At its core, the Wii is nothing more than a Gamecube with a $200 controller attached to it. Its hardware specs are nearly identical to the Gamecube's, a system that came out 6 years ago and can be bought for $50 on Ebay. The Wii doesn't support HDTV resolutions at all, despite the fact that PC gamers have been in HD resolutions for more than 10 years now. And HDTVs are expected to become the standard TVs of households within the next few years. This poses a problem for the Wii because SDTV quality content looks considerably worse on an HDTV. In other words, as people get HDTVs, the graphics quality of Wii games will actually appear to get worse!

The Wii feels like it was outdated at the time of its release. The motion sensor controls are fun, but paying $250 is just too much.

Wednesday, September 12, 2007

3 blogs about video games

I like to visit the following 3 blogs about video games.

1. Blue's News

Blue's News is a blog that focuses on PC games. The author of the blog, Blue, updates the site twice a day with dozens of links to computer game related articles, such as game industry press releases, computer game hardware reviews, computer game reviews, and downloadable user-created game content . Much of the blog's links are links found by readers of Blue's News, who e-mail Blue with stuff they think their fellow PC gamers will find interesting, useful, or funny. At the end of each batch of links, Blue writes a small section called "Out of the Blue" where he briefly comments on his personal life or a video game he's been playing, then finishes that off with links that are not necessarily related to gaming, but are interesting and/or funny things to check out.

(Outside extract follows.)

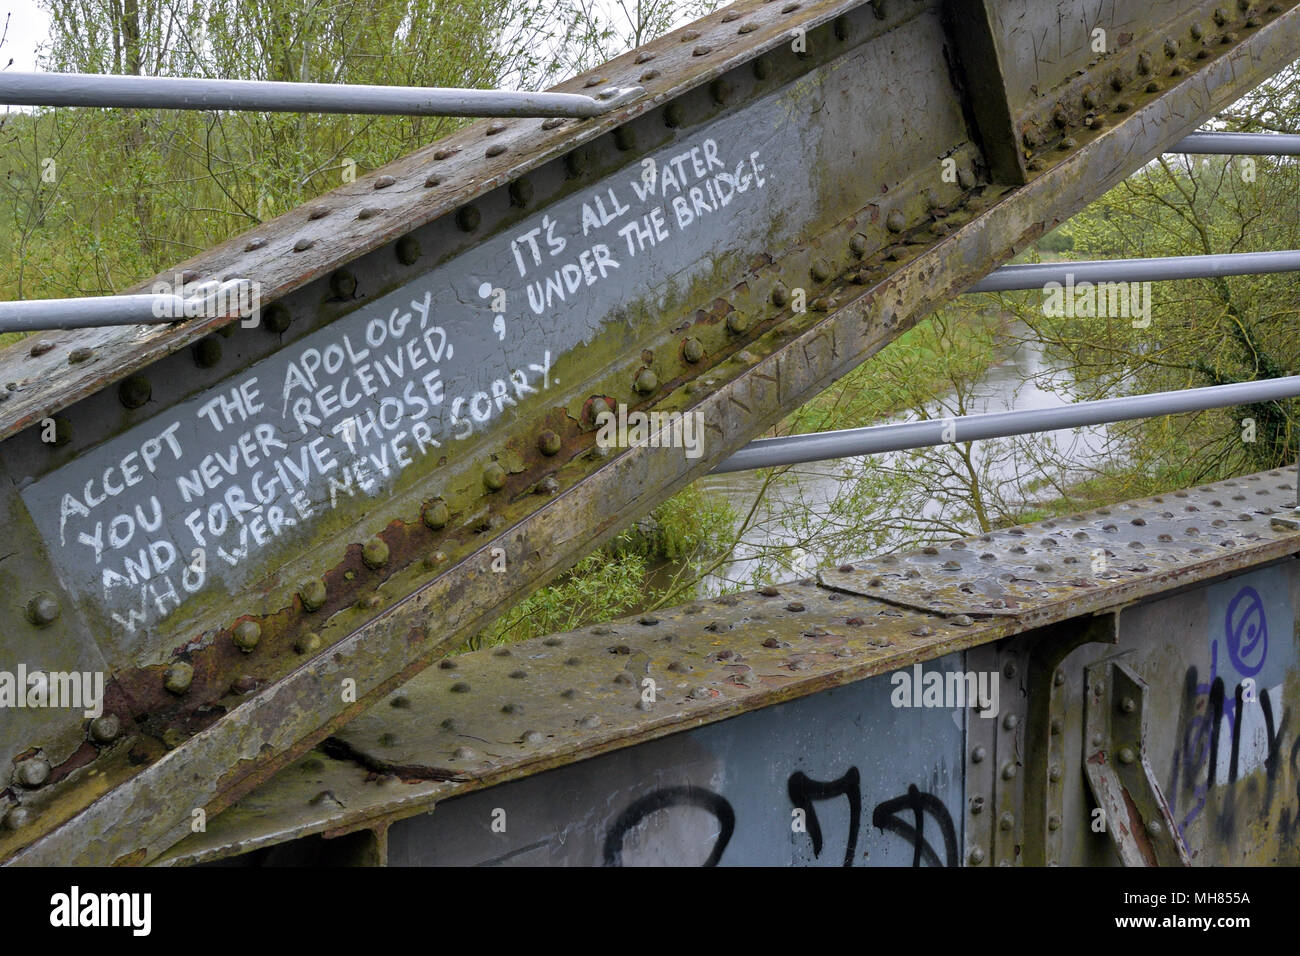 Graffiti sur un vieux philosophique-frame pont de chemin de fer traversant la rivière Wensum à Drayton, Norfolk, qui fait maintenant partie de l'hôtel Marriott's Way sentier de longue distance Banque D'Images

Blue's News is my favorite game blog and probably the site I visit the most on the Internet. I visit it at least once a day, usually every day, and have been doing so for at least 5 years. I really like the "no nonsense / no frills" approach to the site. The site has very little advertising (at the top, there are only 2 small ads), and the advertising that is there is not obtrusive or distracting like other websites' ads. And besides the 2-3 ads on the site, the blog has no images at all, which gives the site a clean look and an efficient layout.

2. Joystiq

Joystiq is a blog that covers both video and computer games, while adding in a bit of humor in their news posts and/or custom-made images. In many ways, it's the opposite of what Blue's News is. Instead of just throwing out dozens of links at you, Joystiq usually focuses on just a few news stories a day, and each story is often accompanied by a funny picture and a joke or two in the post itself.

I especially like the user comment sections of the site. You can choose from a variety of video game-related Avatars to represent yourself with. And your fellow commentators can then judge your comments with a positive or negative rating. If you comment is rated negatively too often, your avatar and your comment will lose its "health hearts" and become less visible and harder to read. Joystiq also supports and Digg it features.

3. Kotaku

Kotaku is similar to Joystiq, except with much less of the Funny. A lot of the attempts at humor kinda fall flat for me. Another difference is that one or two of the site's authors live in Japan and they sometimes comment on gaming news coming out of Japan faster than most other blogs.

One gripe I have with the site is that to subscribe to the blog's RSS, you have to look at the left-hand side of the site, past a lengthy staff list, to find the RSS buttons. It's much easier to see the RSS feed buttons of Joystiq and Blue's News. Kotaku supports only Digg it features.

Sunday, September 9, 2007

Robotech movie in the works. Sweet.

TORONTO -- After slipping on a mask for Spider-Man, Tobey Maguire might be slipping into a giant robot for "Robotech."

After a lengthy negotiation, Warner Bros. Pictures has picked up the rights to bring anime classic "Robotech," which featured giant robots known as mechas, to the big screen. Maguire is producing through his Maguire Entertainment banner and is eyeing the lead role in what the studio plans on being a tentpole sci-fi franchise.

"We are very excited to bring 'Robotech' to the big screen," Maguire said. "There is a rich mythology that will be a great foundation for a sophisticated, smart and entertaining film."